* **Provided data**:
□ □ □ □ □ □ □
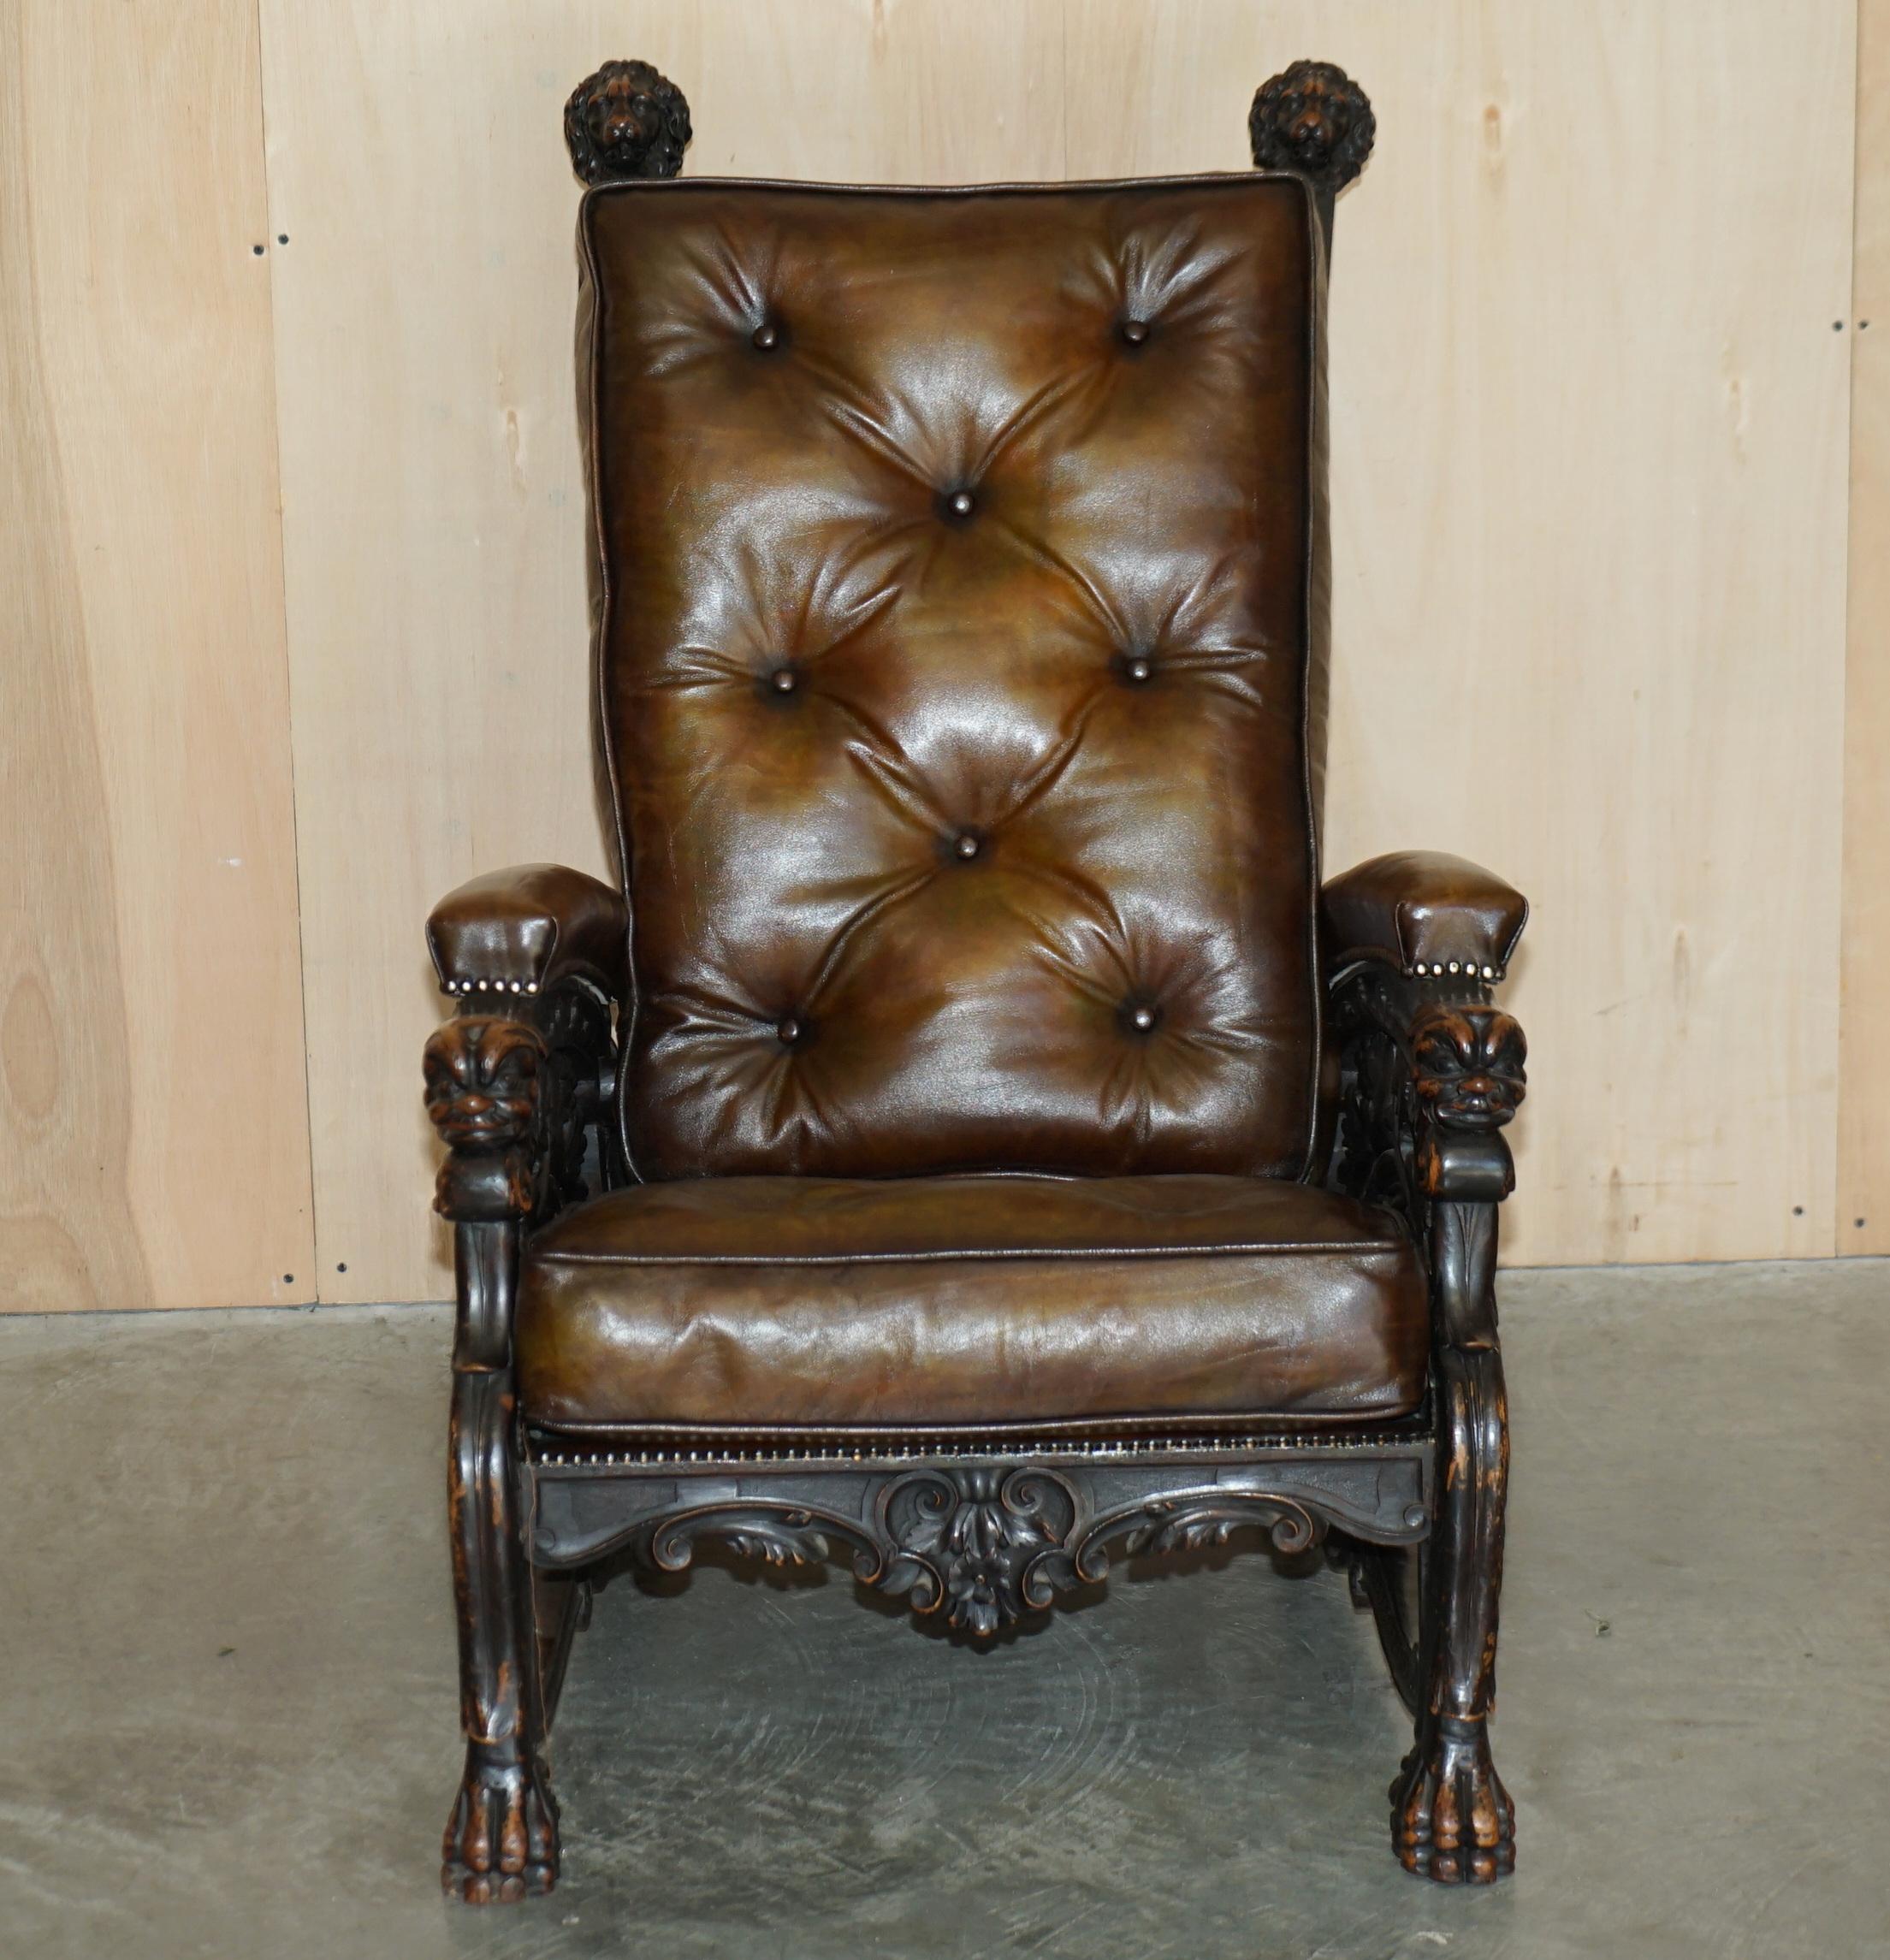 We are delighted to offer for sale this important, museum quality, hand carved, fully restored, antique Victorian library reading recliner armchair with new hand dyed Thomas Chippendale floating button leather cushions. 

This is truly an amazing
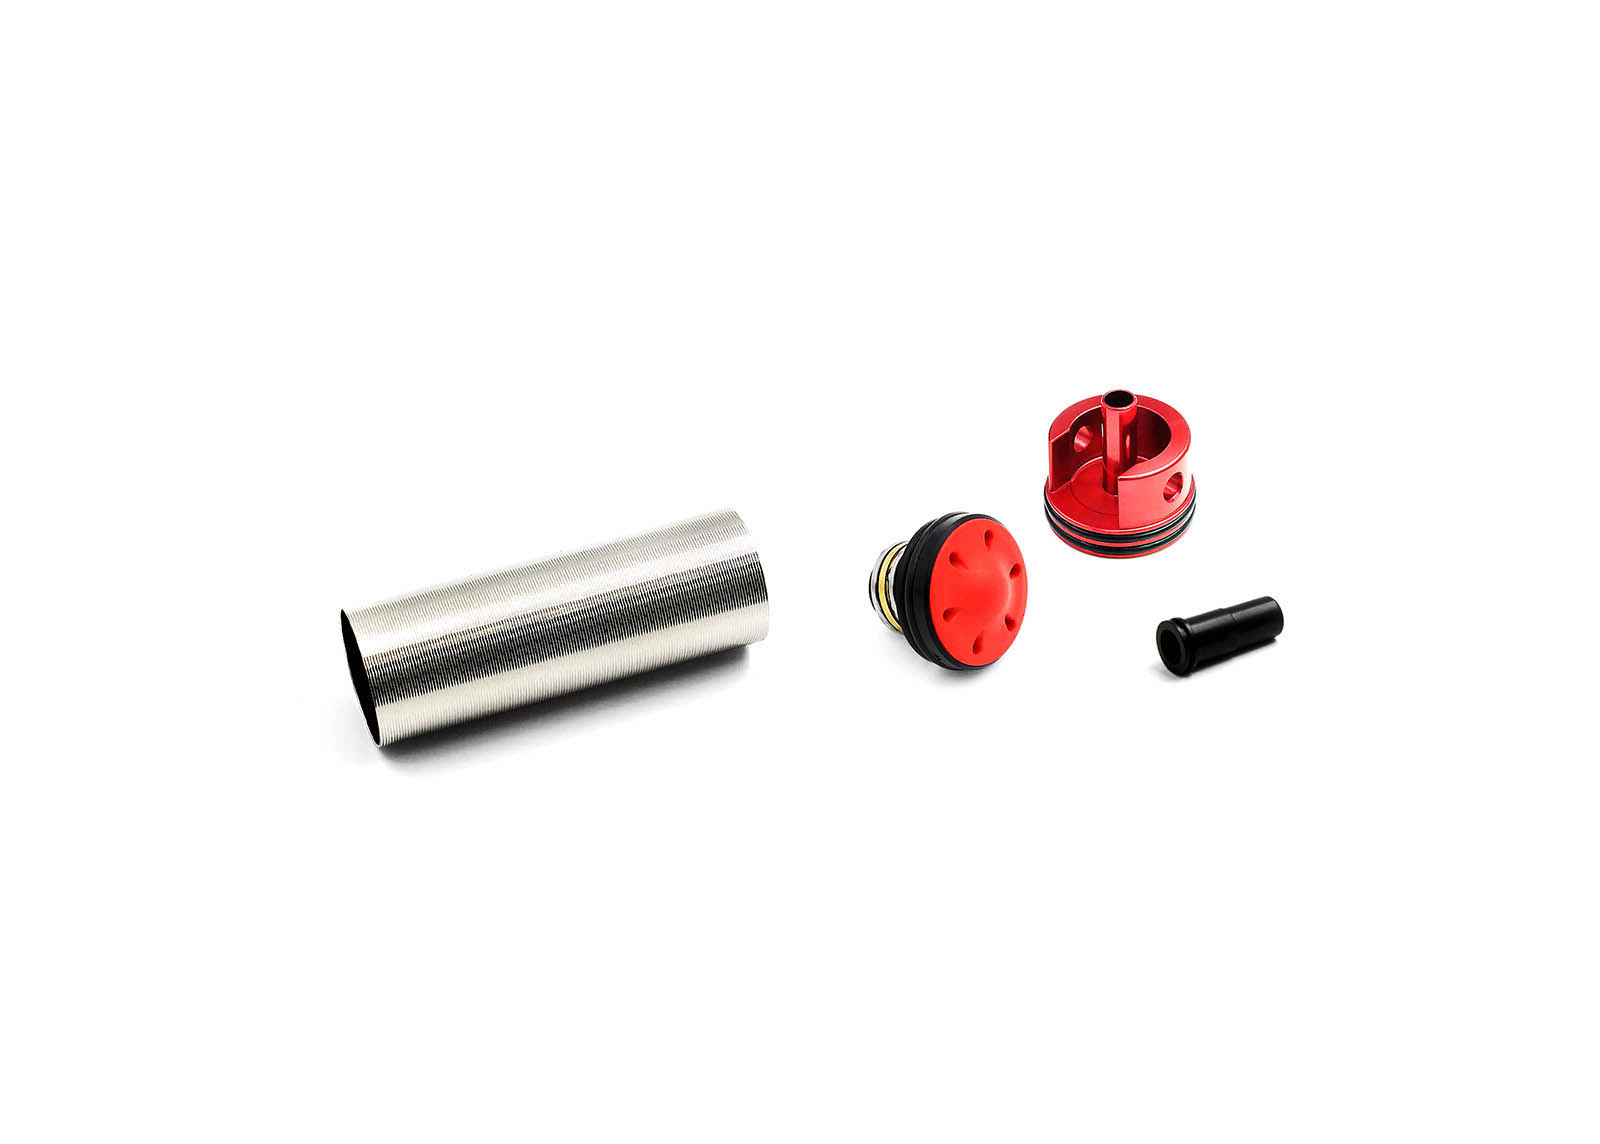 Bore-Up Cylinder Set for M16-A1/VN - Modify AEG Airsoft parts
□ □ □ □ □ □ □
* **What is needed**:
Once more, give the listing above exactly, leaving each picture out.

* **Your response**:
 We are delighted to offer for sale this important, museum quality, hand carved, fully restored, antique Victorian library reading recliner armchair with new hand dyed Thomas Chippendale floating button leather cushions. 

This is truly an amazing
 Bore-Up Cylinder Set for M16-A1/VN - Modify AEG Airsoft parts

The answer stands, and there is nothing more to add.